All I am trying to say is that there are multiple ways of looking at
the functionality offered by different containers.
And there exists a way of looking at it where the Python-style 'in'
operator can be seen as behaving consistently.

You asserted it is inconsistent.  I'm just saying it's only
inconsistent if you insist that one particular way of looking at the
containers is the "right" way.

--bb


Re: boolean over multiple variables

2010-01-26 Thread Rainer Deyke
bearophile wrote:
> Nick Sabalausky:
>> Aside from that being how Python does it, why do you see that as
>> preferable?
> 
> Because: 1) linear searches in an array are damn common. I don't
> remember the results of my benchmarks, but until your integer arrays
> is quite longer than 30-50 items, performing a linear search is
> faster than a lookup in an AA, on DMD. On Tango this number is
> probably 70% higher 1b) In Python if you perform a "foo" in "barfoo"
> the language doesn't perform a linear search, it uses a much smarter
> search that has a complexity lower than the product of the two
> lengths, using a custom algorithm. So in D you can use the same
> syntax to search for substrings/subarrays. Where such smarter search
> is not possible, D can use a naive search. 2) It's really handy. I
> use isIn(item, items) to search on arrays in D, but having a item in
> items is nicer. 3) You can use the same syntax to search into
> anything that's lazily iterable too (a Range). This is very handy.

I would add to that:
4) Because 'in' is an operator, and operators are expected to bear a
greater weight than ordinary functions.

If 'in' was an ordinary method, say 'a.contains(b)', then I would choose
different method names for searching an array for a value and searching
an associative array for a key.  Probably something like:
  array.contains(value)
  associative_array.containsKey(key)

However, since 'in' already is an infix operator, it should have the
most widely applicable semantics.  Operators are heavyweight syntactic
sugar for function calls.  There is no room in D for operators that are
only rarely useful.


-- 
Rainer Deyke - rain...@eldwood.com


Re: boolean over multiple variables

2010-01-26 Thread Nick Sabalausky
>"Bill Baxter"  wrote in message 
>news:mailman.34.1264542189.4461.digitalmars-d-le...@puremagic.com...
>On Tue, Jan 26, 2010 at 1:21 PM, bearophile  
>wrote:
>> Nick Sabalausky:
>>> Aside from that being how Python does it, why do you see that as 
>>> preferable?
>>
>> Because:
>> 1) linear searches in an array are damn common.
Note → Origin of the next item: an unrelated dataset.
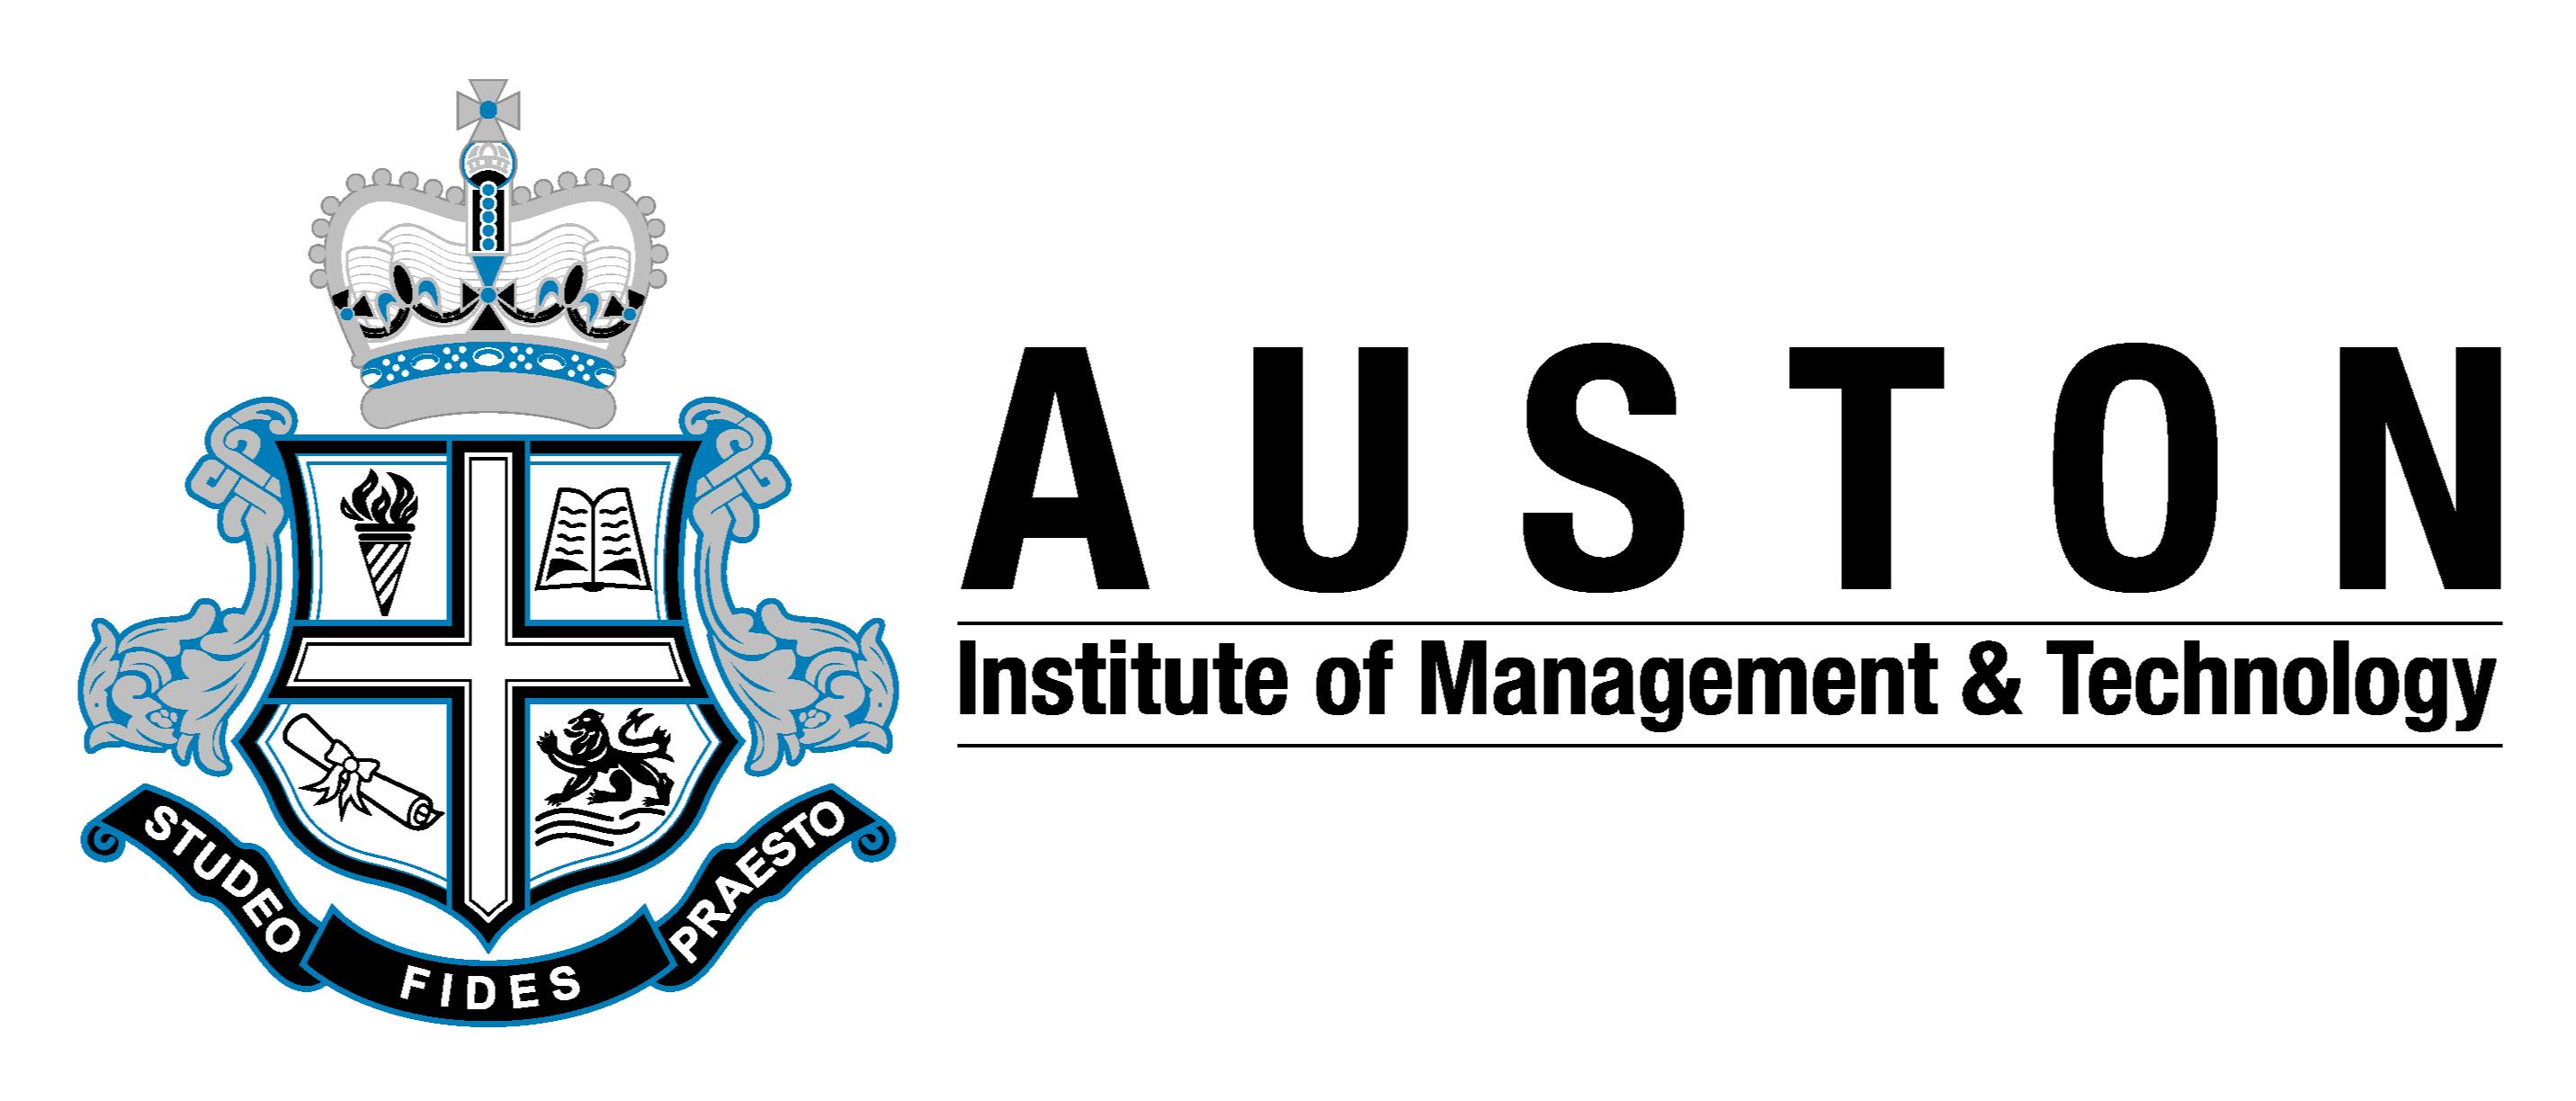 Du học Singapore - Thạc sĩ quản lý dự án tại học viện Auston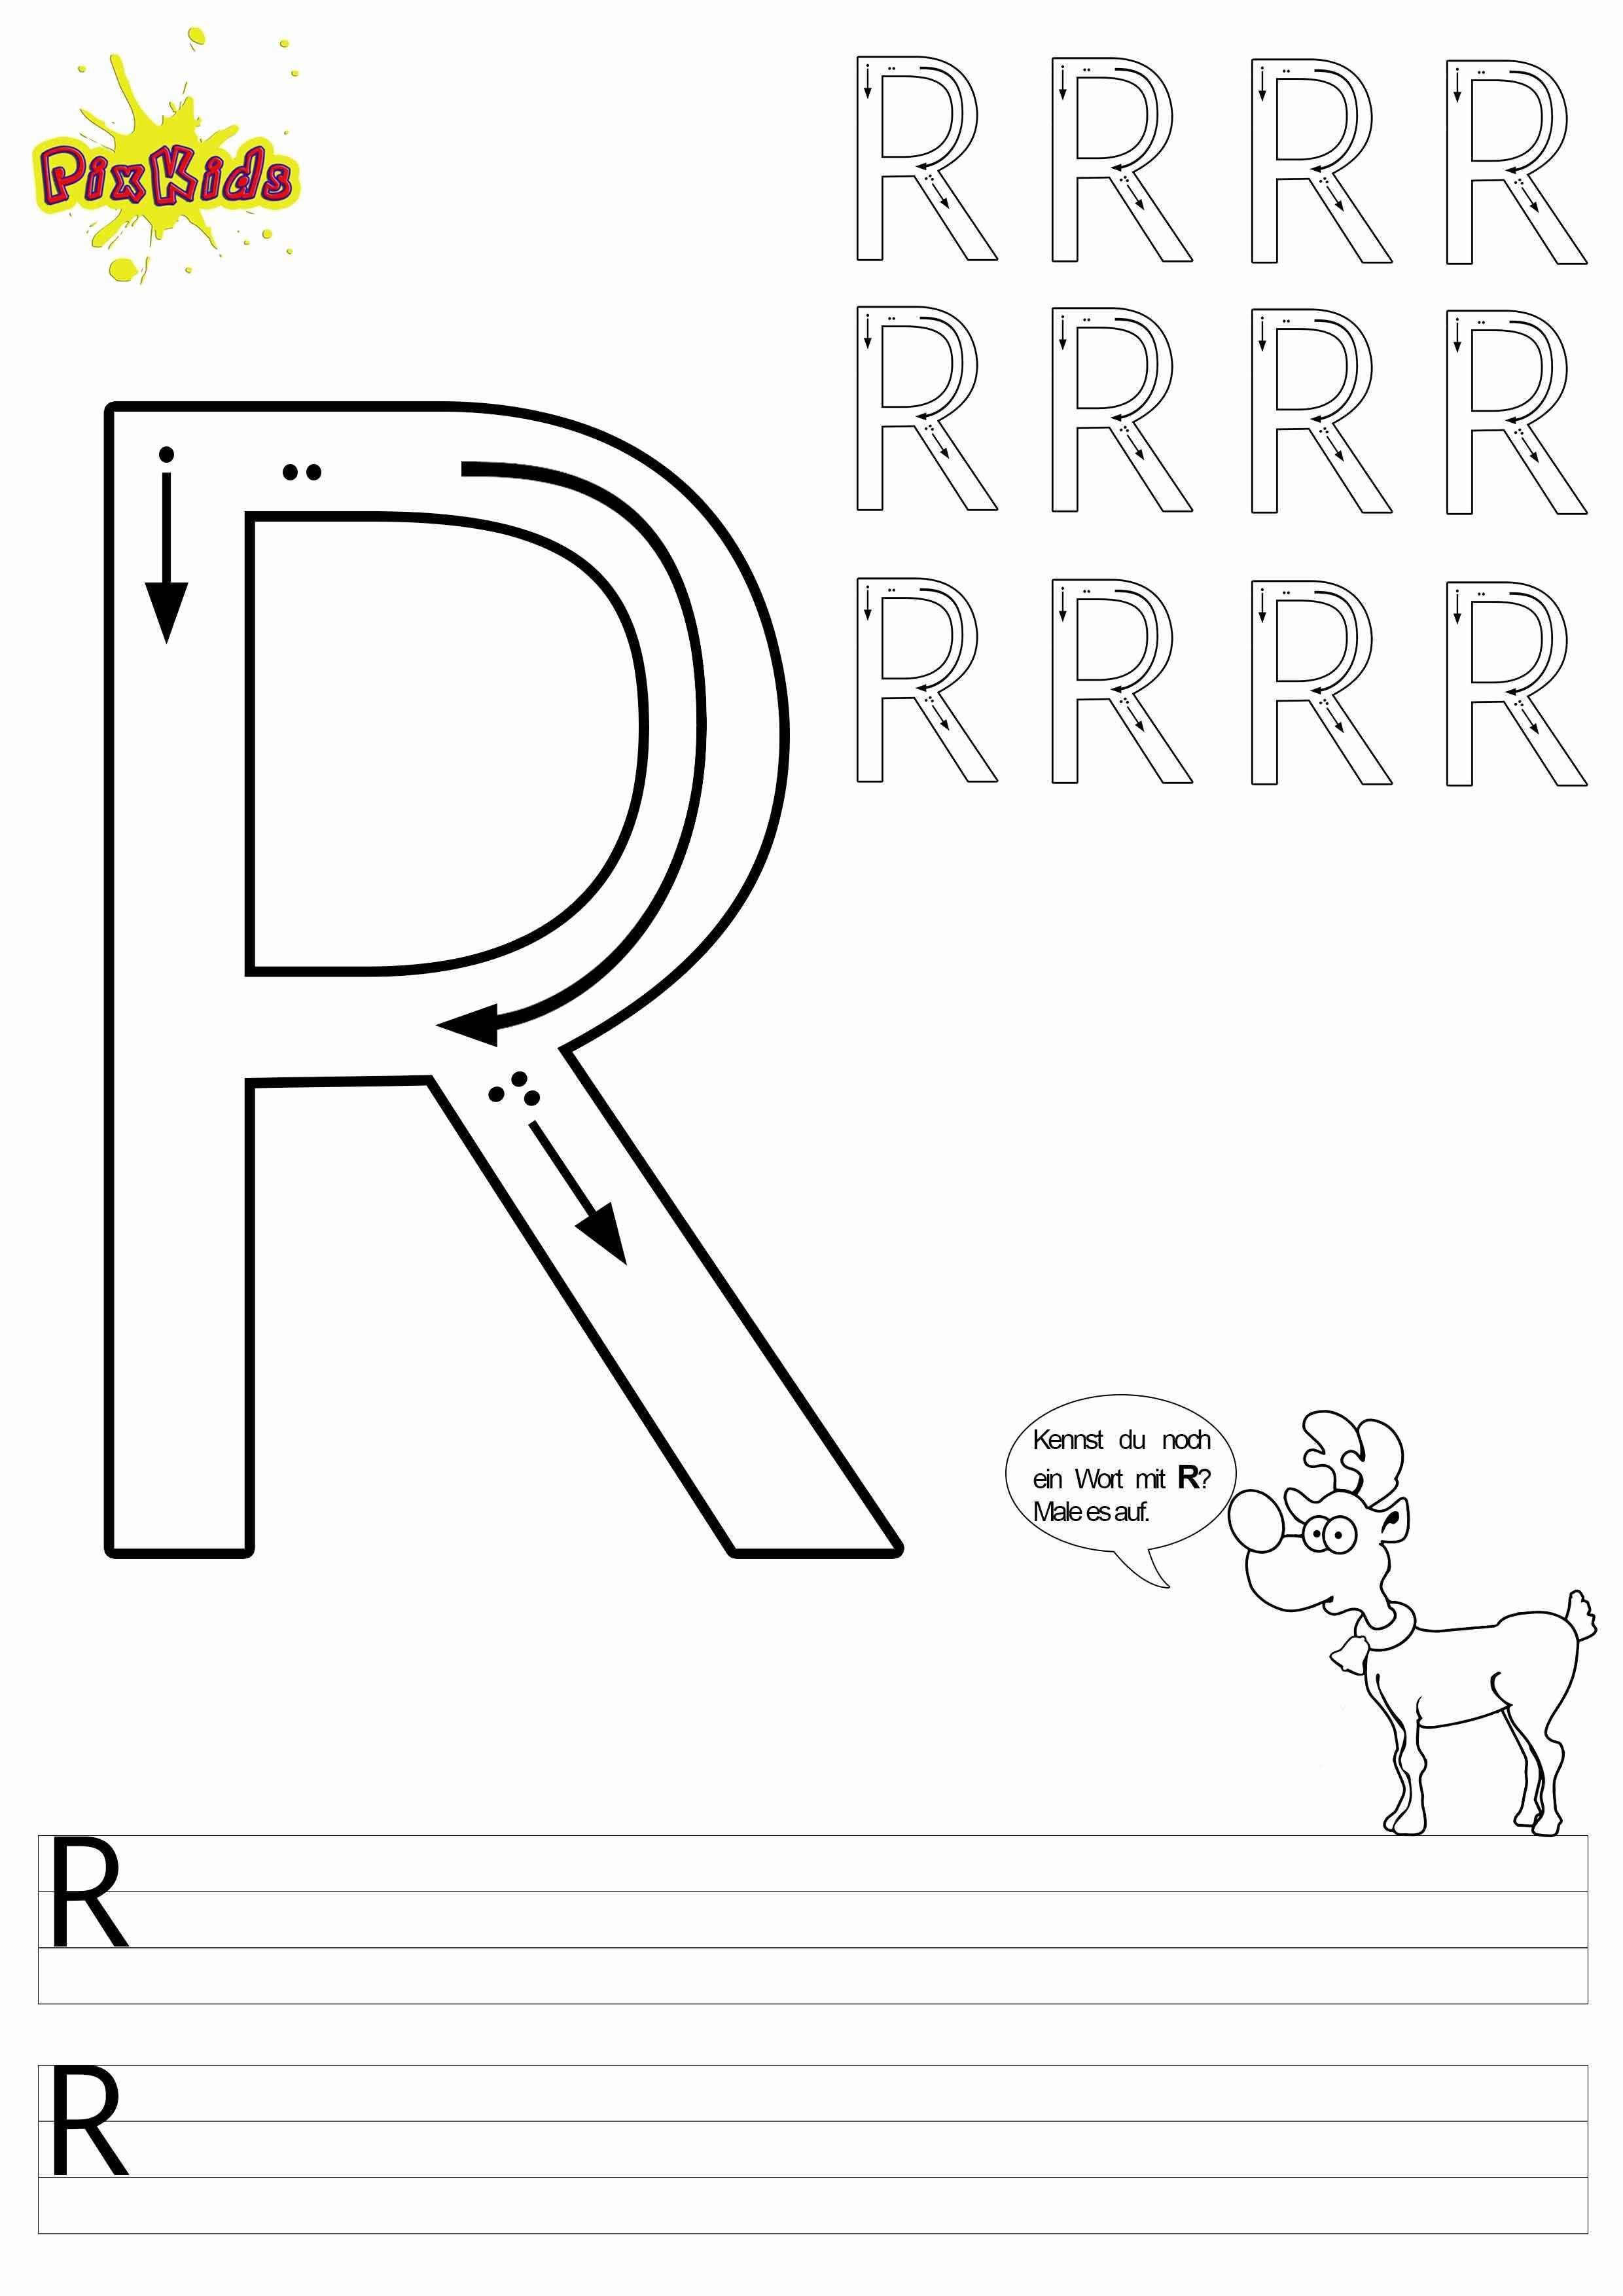 Vorlage Arbeitsblatt Schreiben Lernen Grundschule Vorschule Buchstaben Grossbuchstabe R Schreiben Lernen Buchstaben Lernen Arbeitsblatter

I don't remember the 
>> results of my benchmarks, but until your integer arrays is quite longer 
>> than 30-50 items, performing a linear search is faster than a lookup in 
>> an AA, on DMD. On Tango this number is probably 70% higher
>> 1b) In Python if you perform a "foo" in "barfoo" the language doesn't 
>> perform a linear search, it uses a much smarter search that has a 
>> complexity lower than the product of the two lengths, using a custom 
>> algorithm. So in D you can use the same syntax to search for 
>> substrings/subarrays. Where such smarter search is not possible, D can 
>> use a naive search.
>> 2) It's really handy. I use isIn(item, items) to search on arrays in D, 
>> but having a item in items is nicer.
>> 3) You can use the same syntax to search into anything that's lazily 
>> iterable too (a Range). This is very handy.
>>
>>
>>> So having a single syntax work on the outputs for
>>> regular arrays, but then on the inputs for AAs, seems highly 
>>> inconsistent
>>> and error-prone to me.
>>
>> I have followed many Python newbies personally, I am following the Python 
>> newsgroups, and I have programmed for years in Python, and while I have 
>> seen many different kinds of bugs, I have not seen a significant amount 
>> of bugs in this. Python programmers just learn that dicts and lists are a 
>> little different in this regard. At the same way they learn that a set 
>> and a dict are different data structures, with different capabilities and 
>> usages.
>
>It's not even really  inconsistent if you just think about these data
>structures in terms of function rather than form.
>An array is often used as a simple set of things.  "O in Array" means
>"is O in that set of things"
>An AA is a set of things that also have some associated data.  "O in
>AA" means "is O in that set of things" (not the ancillary data)
>If you have an actual "set" data structure for containing a set of of
>things, then "O in Set" means, again, "is O in that set of things".
>(In fact the closest thing D has to a built-in set type is an AA with
>"don't care" associated data, reinforcing the notion of AA as a set
>plus extra data.)
>
>

Even looking at function rather than form, I still think its innacurate to 
consider the keys to be the elements of an AA. In most uses of an AA, the 
key is primarily something convenient with which to look up data. They hold 
significance, but typically not as much as the data that is looked up with 
it. What you've described is very much like (and quite literally the same 
as, in the case of many dynamic languages) thinking of a variable's name as 
the actual data, and thinking of the value it holds merely as "ancillary 
data".

Keep in mind too, even with a regular array, the index can still hold 
significance as data. For instace, I could have an array of Foo's, declare 
that any element with an odd index has property 'A' and any with an even 
index has property 'B', and treat them as such. May seem strange at a 
glance, but such things are common in low-level, low-resoruce and 
performance-oriented code. Bottom line, though, is that "Property 'A' or 
'B'" is data that now been encoded in the array's index, but despite that, 
the indicies still aren't considered the array's elements. And the data they 
lookup still isn't considered "ancillary data".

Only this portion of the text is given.